Segment Start: DATASET EXCERPT

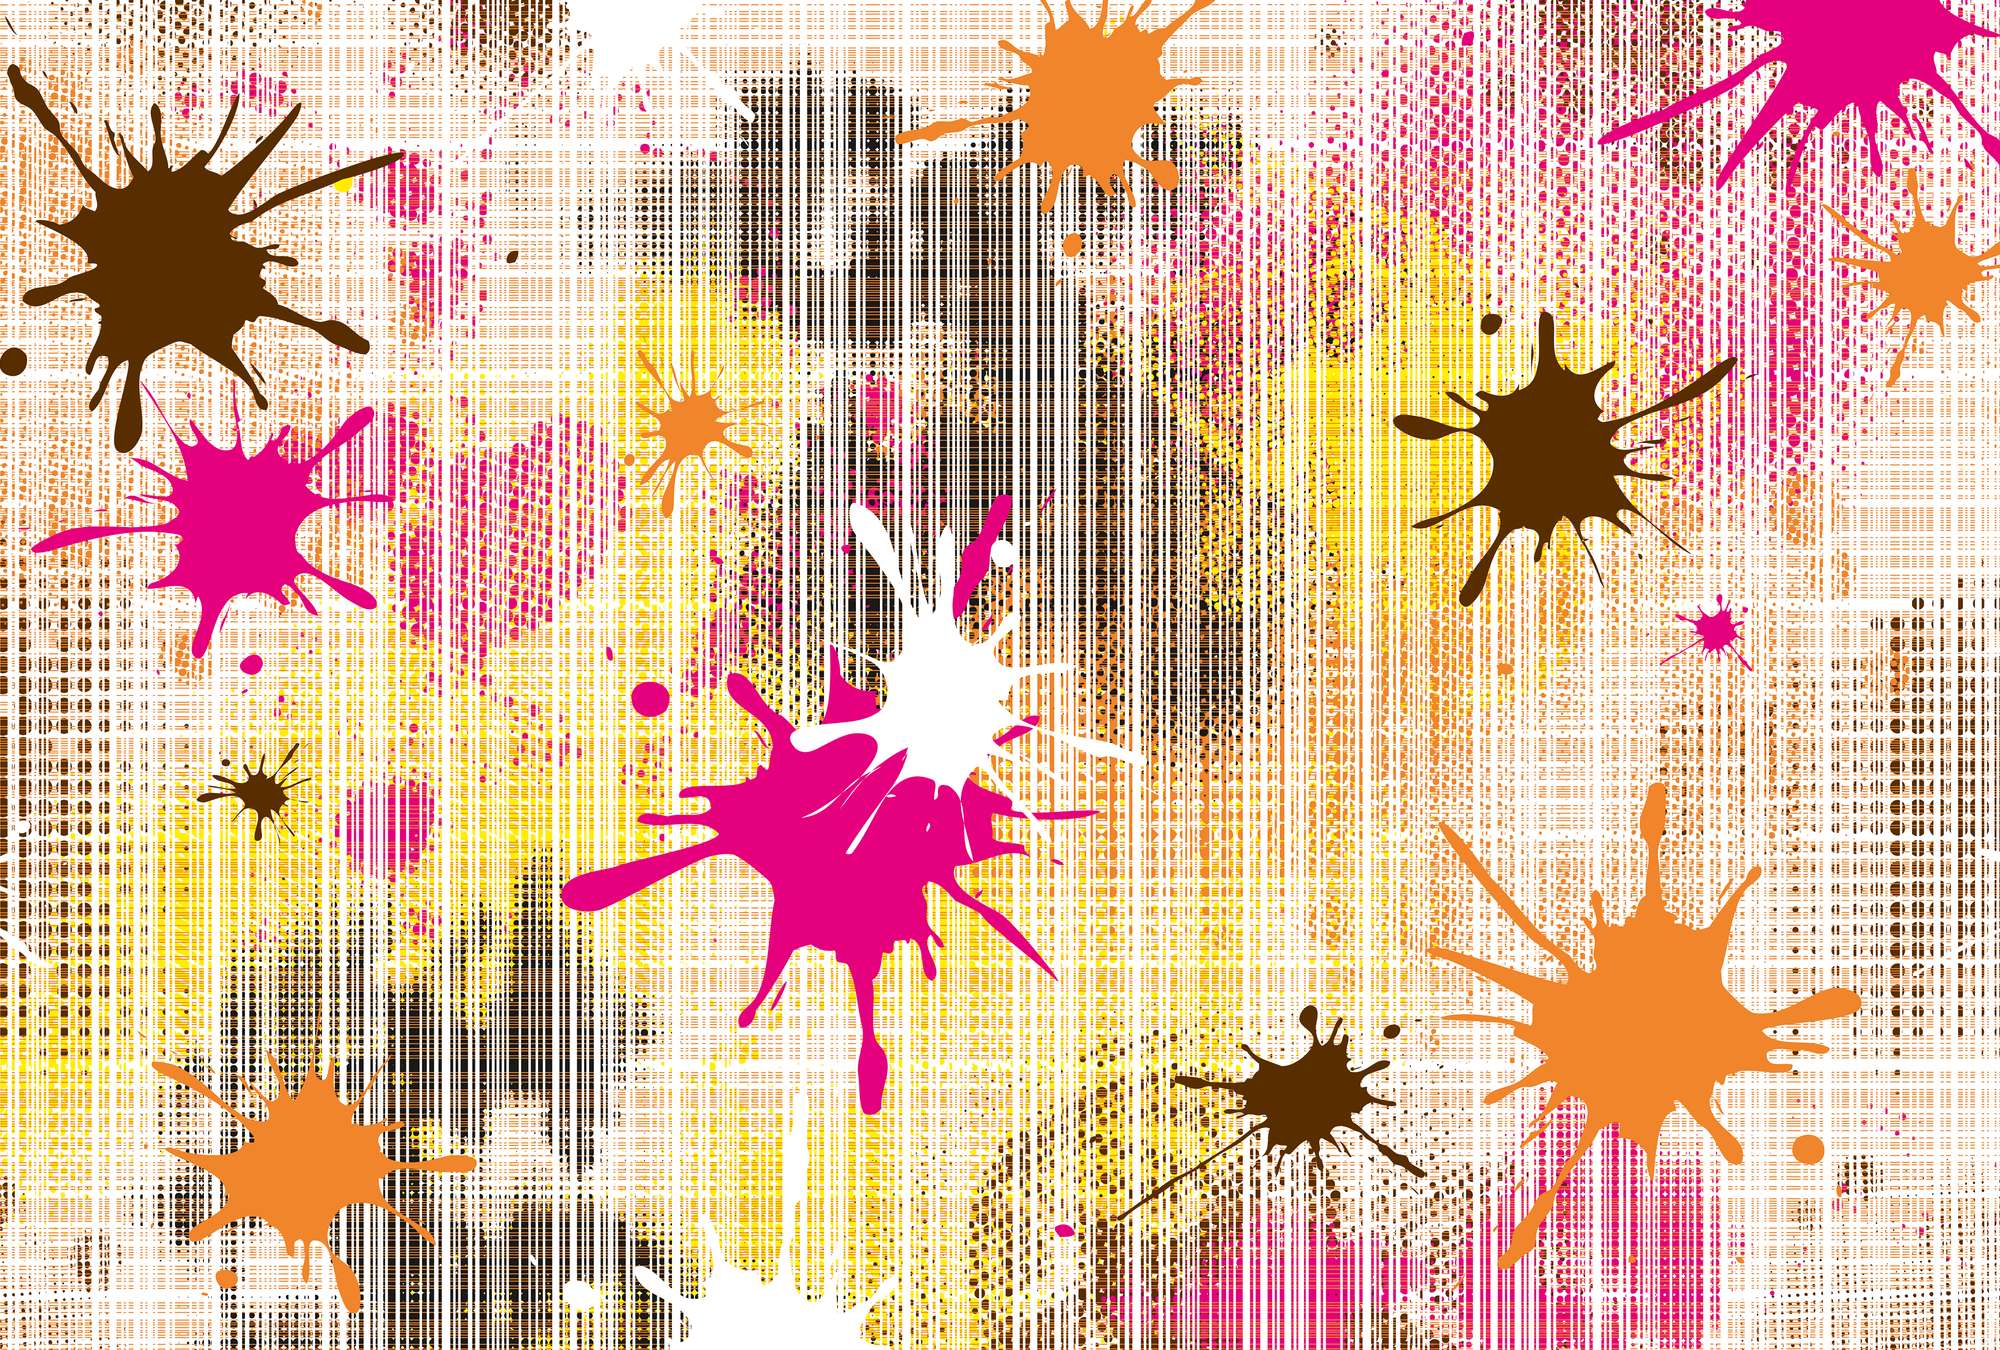             Muurschildering grafisch ontwerp met kleurrijke verfspatten
        
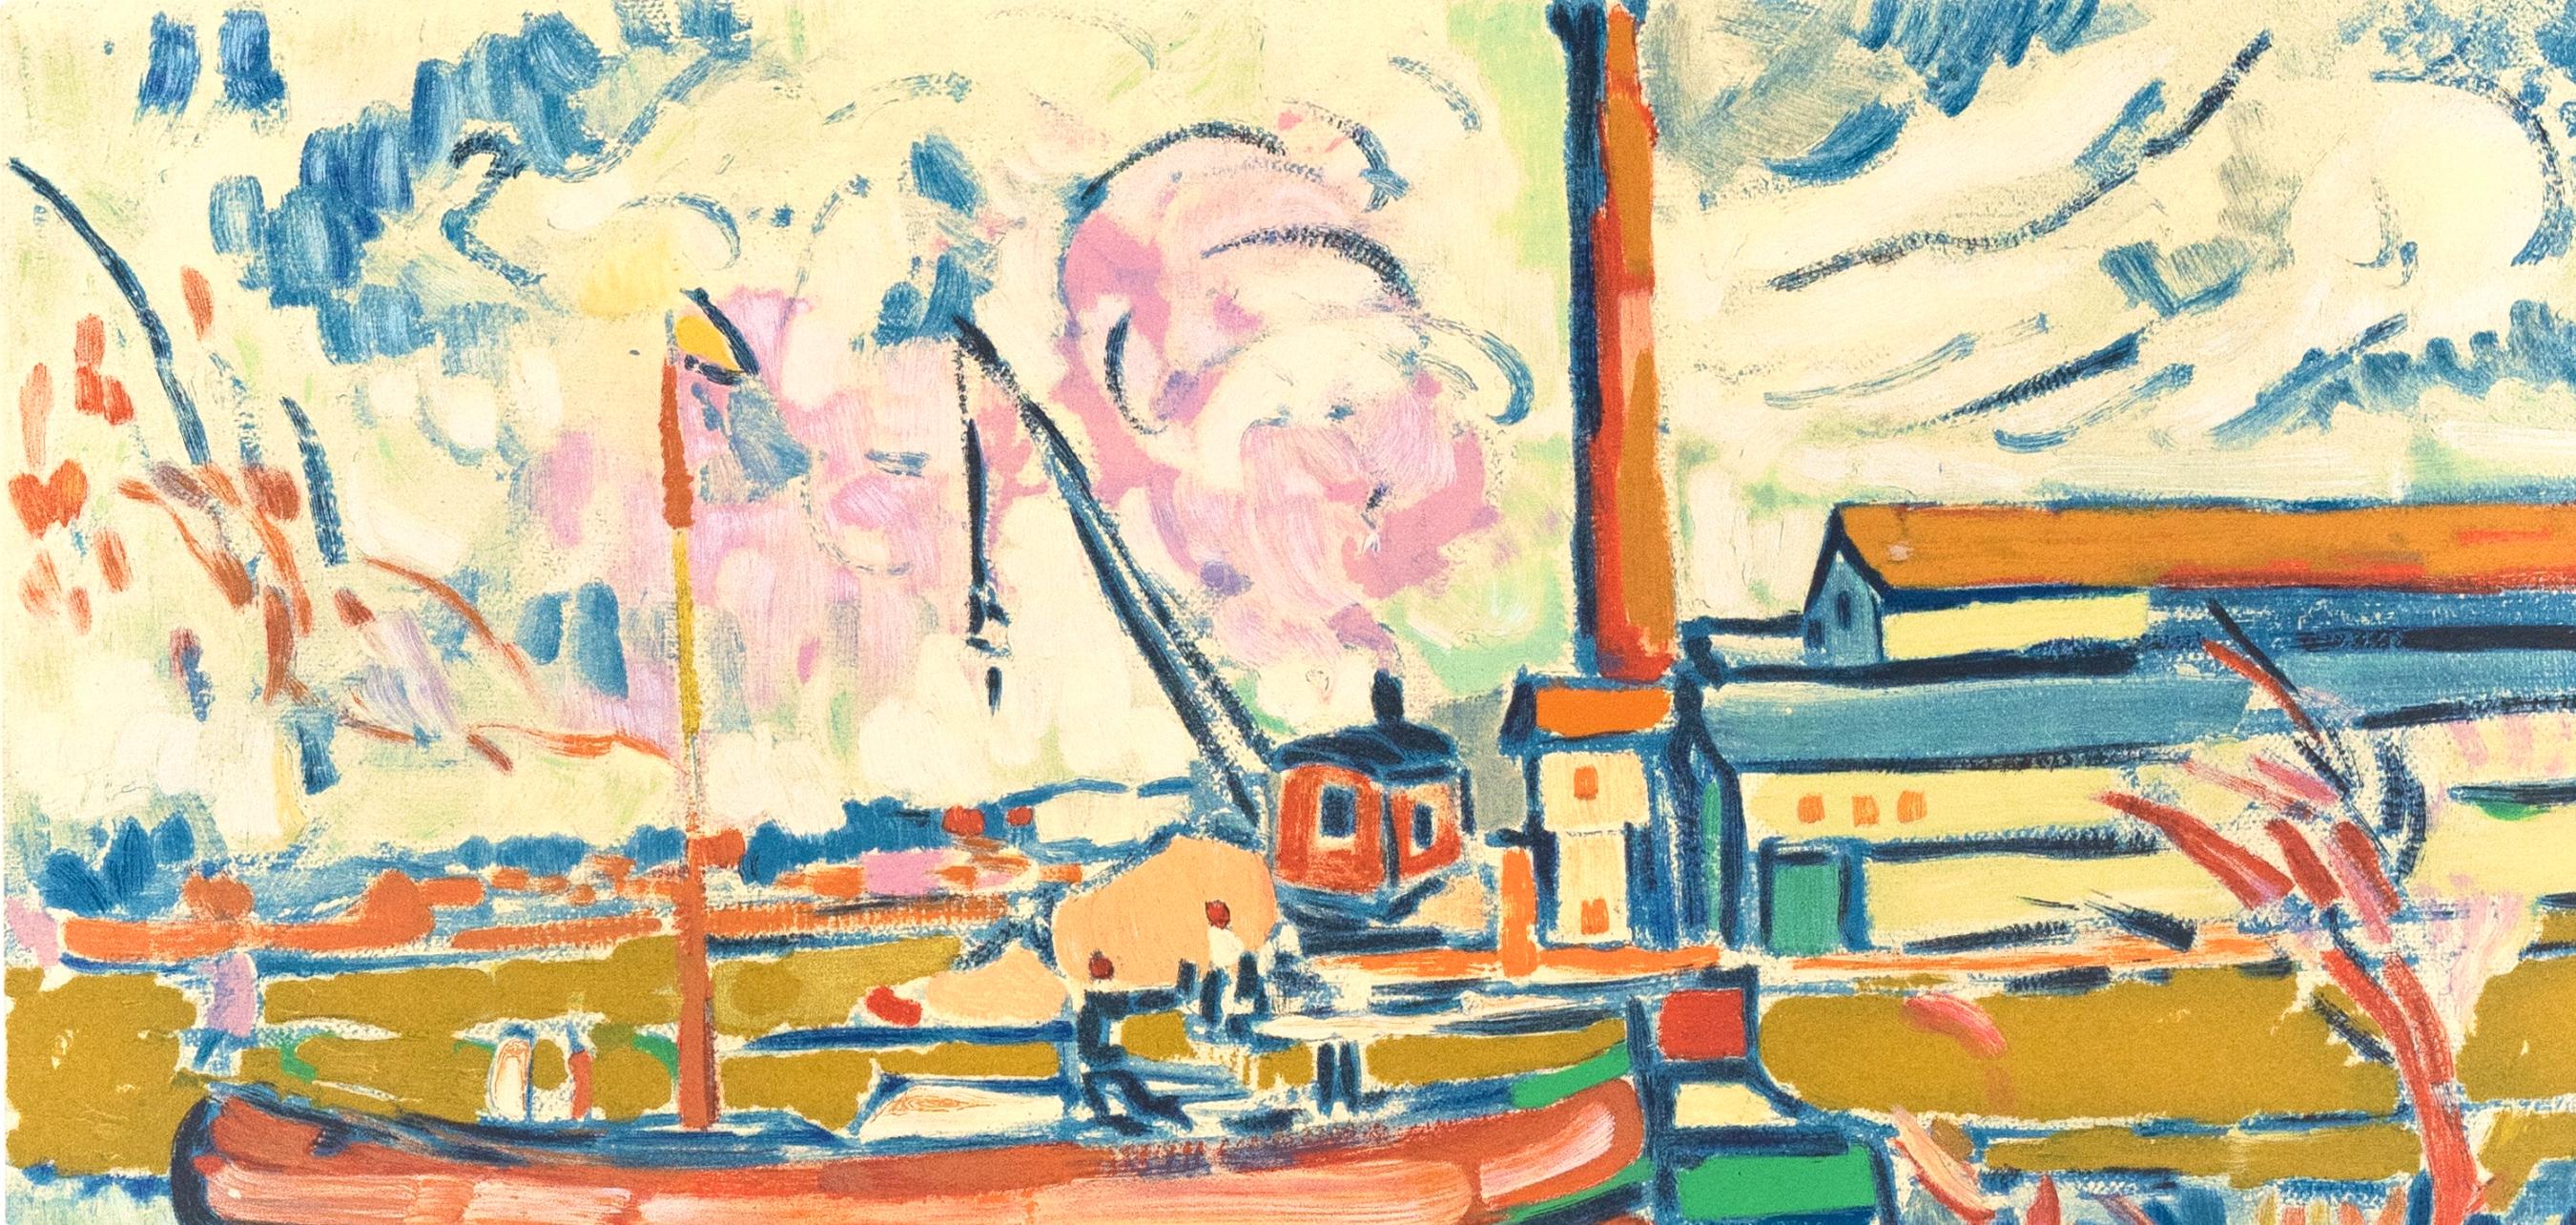 de Vlaminck, Paysage à Chatou, Fauves, The Collective Pierre Lévy (d'après) - Moderne Print par Maurice de Vlaminck
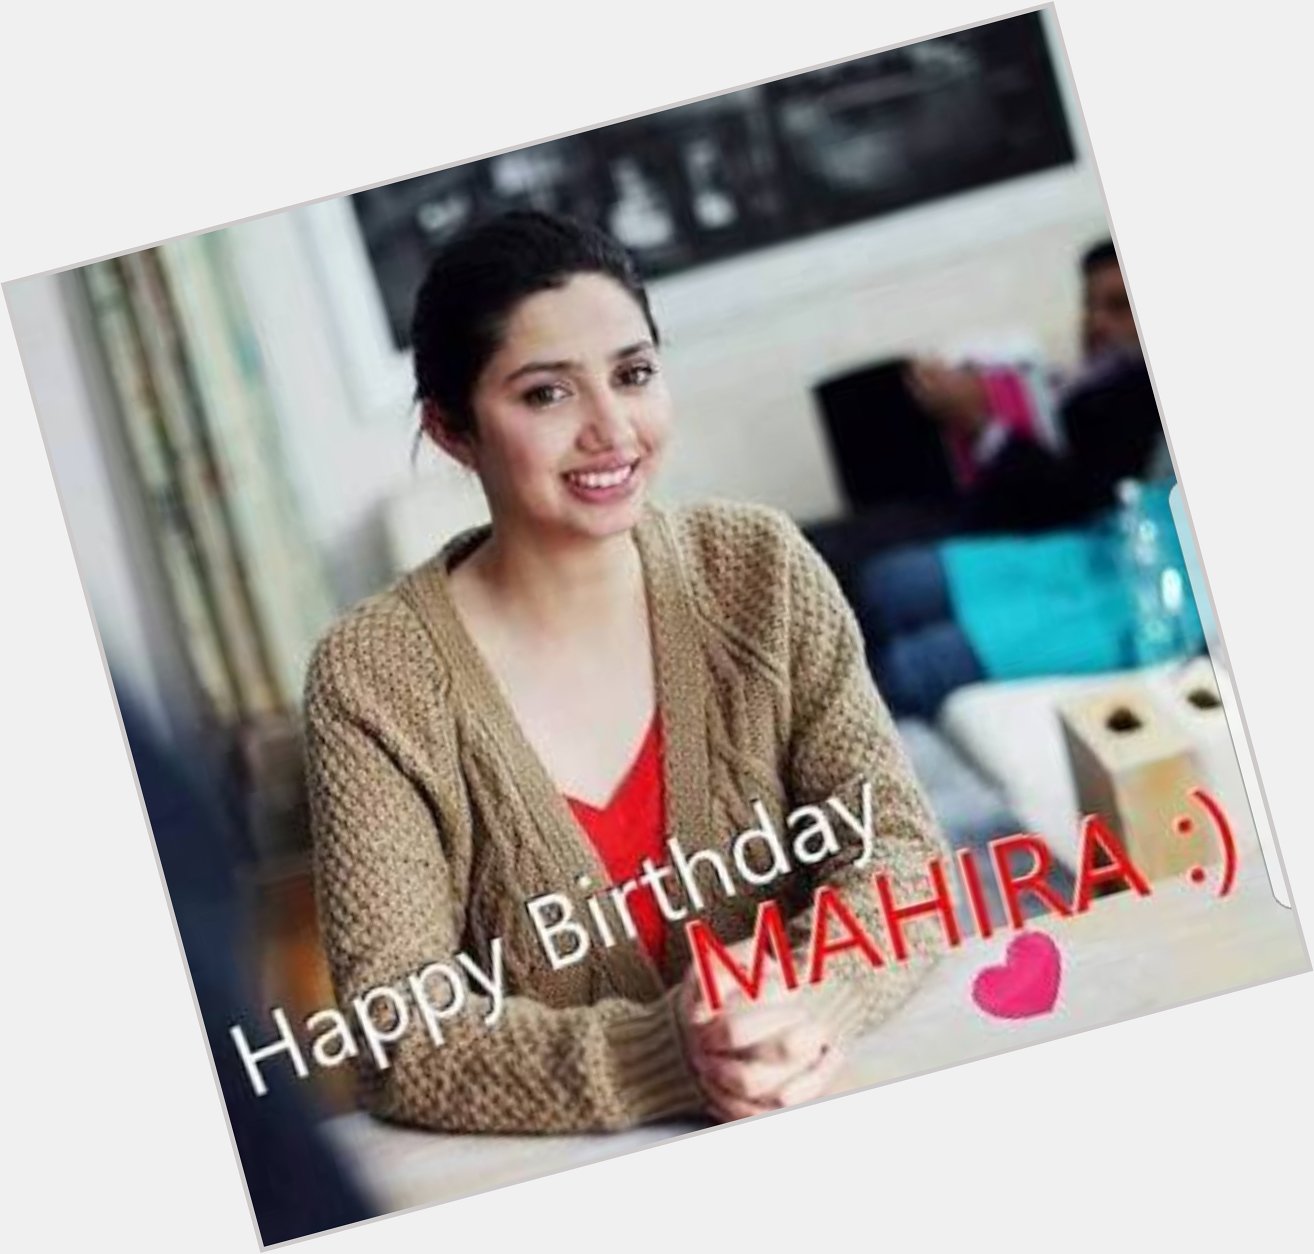 Wishing  a very Happy Birthday to Mahira Khan many many happy returns of the day

Segment End: DATASET EXCERPT

• _DIRECTIONS_
Using the listing above, copy every line from the line containing "de Vlaminck, Paysage" through the last one, both included, and no other lines. Pictures stay out.

• _SOLUTION_
 de Vlaminck, Paysage à Chatou, Fauves, The Collective Pierre Lévy (d'après) - Moderne Print par Maurice de Vlaminck
 Wishing  a very Happy Birthday to Mahira Khan many many happy returns of the day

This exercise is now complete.